The data:
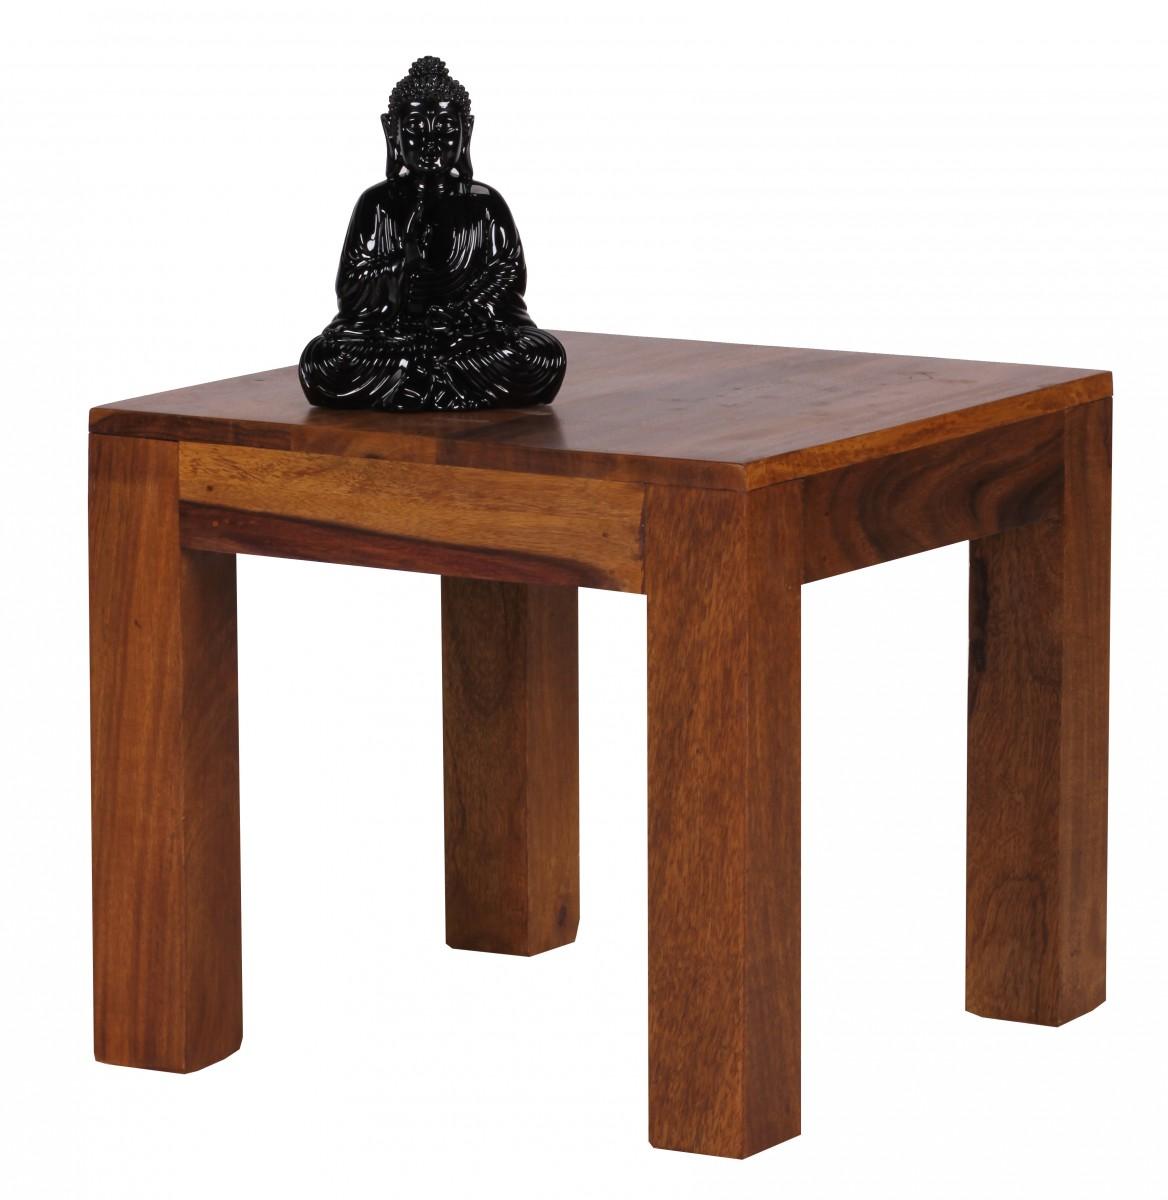 Sheesham Couchtisch Massiv 45 x 45 cm Massivholz
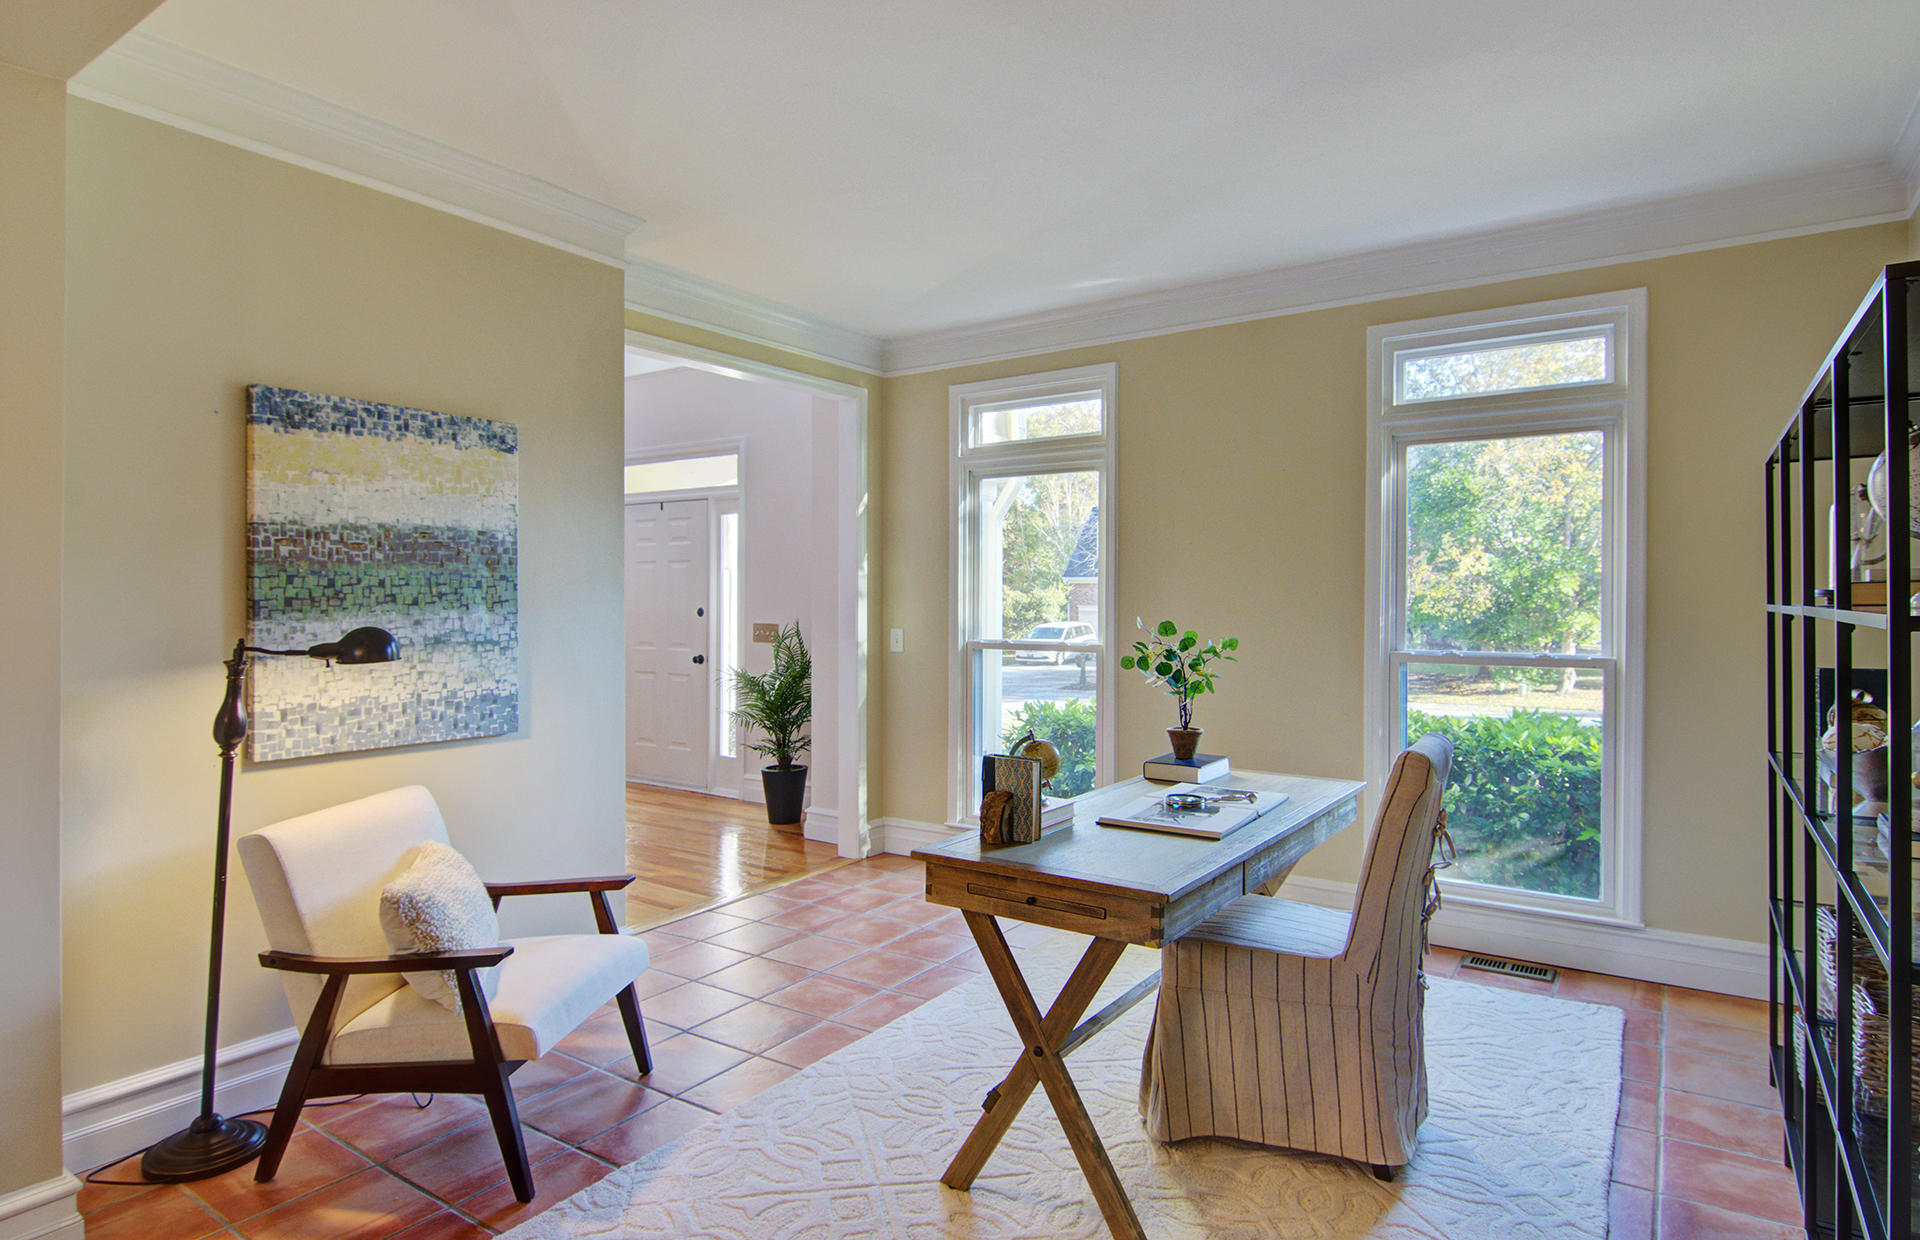 Brickyard Plantation Homes For Sale - 2796 Gaston Gate, Mount Pleasant, SC - 3
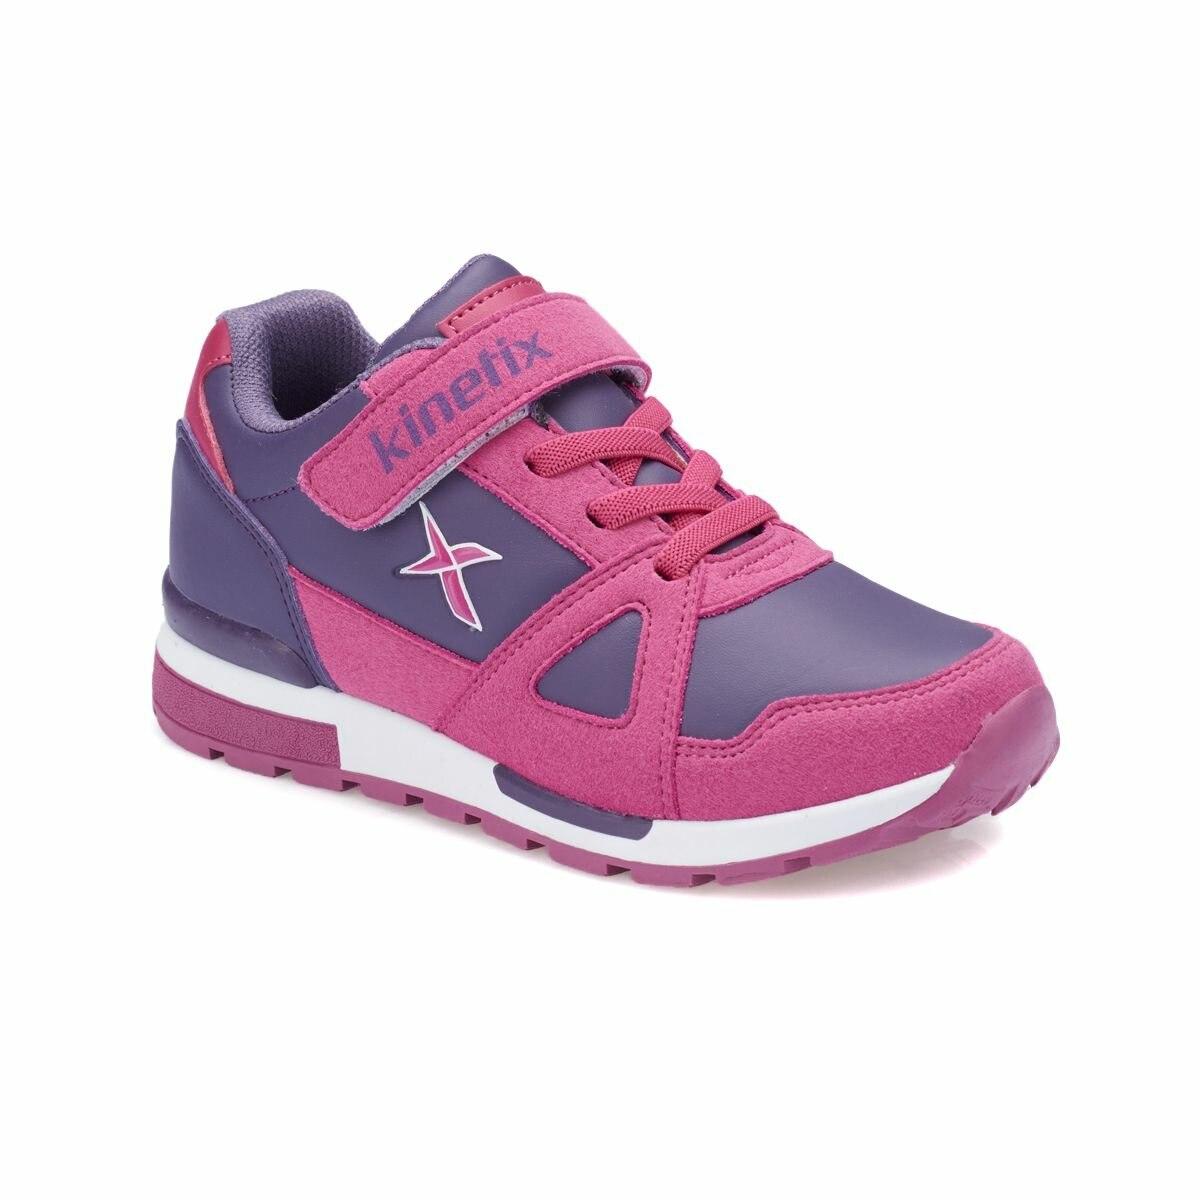 FLO RIVERO PU Purple Female Child Sneaker Shoes KINETIX
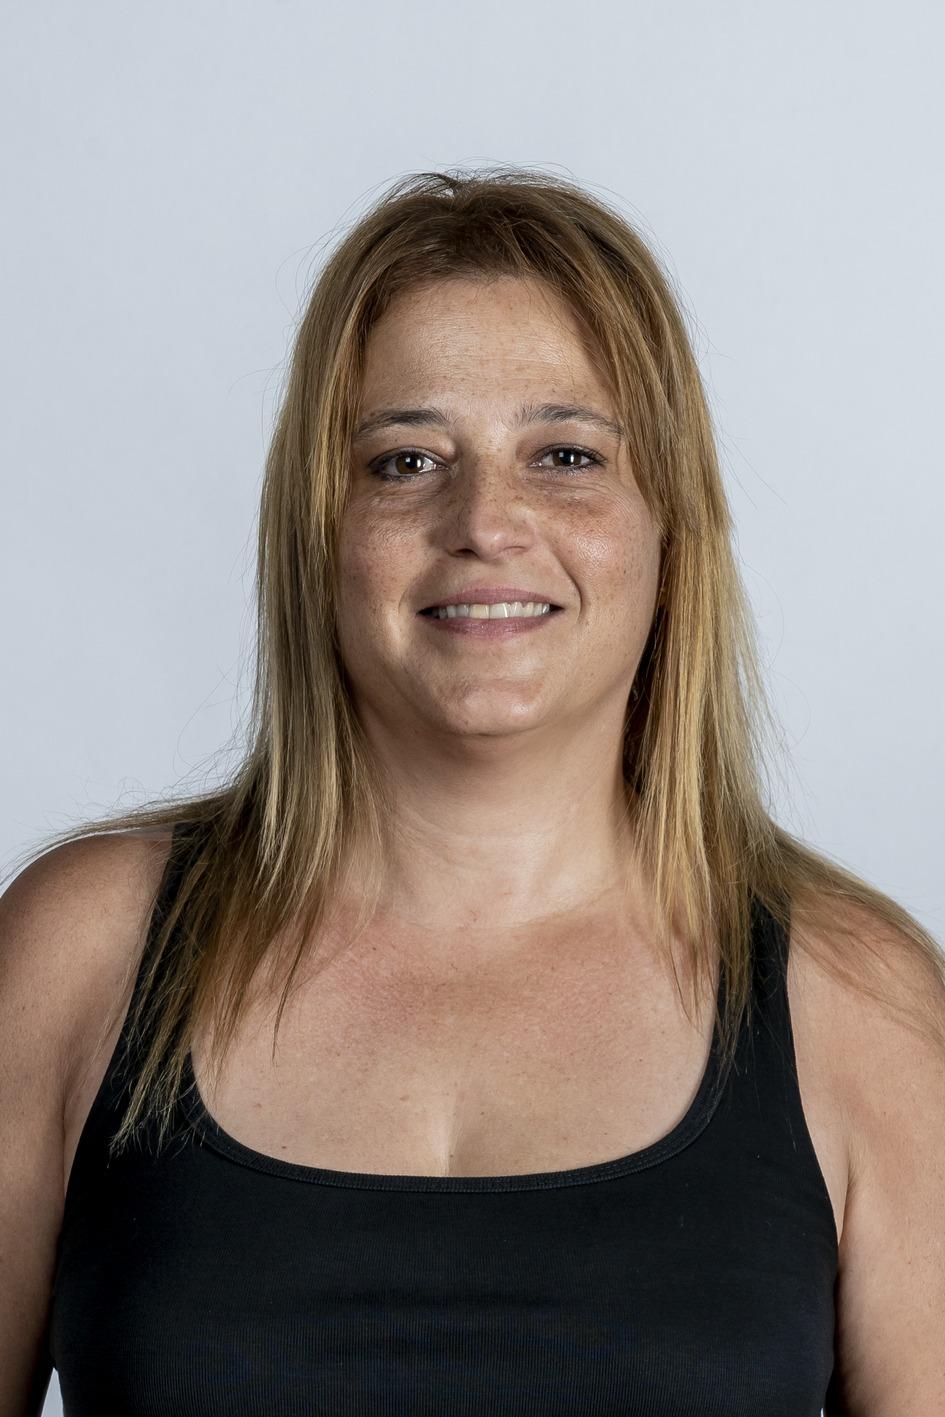 Pilar Domech Gargallo

Description of the task: Look for the line that contains "FLO RIVERO PU", then please copy it and the rest of the lines through the end of the data, pictures excluded.

Answer space:
 FLO RIVERO PU Purple Female Child Sneaker Shoes KINETIX
 Pilar Domech Gargallo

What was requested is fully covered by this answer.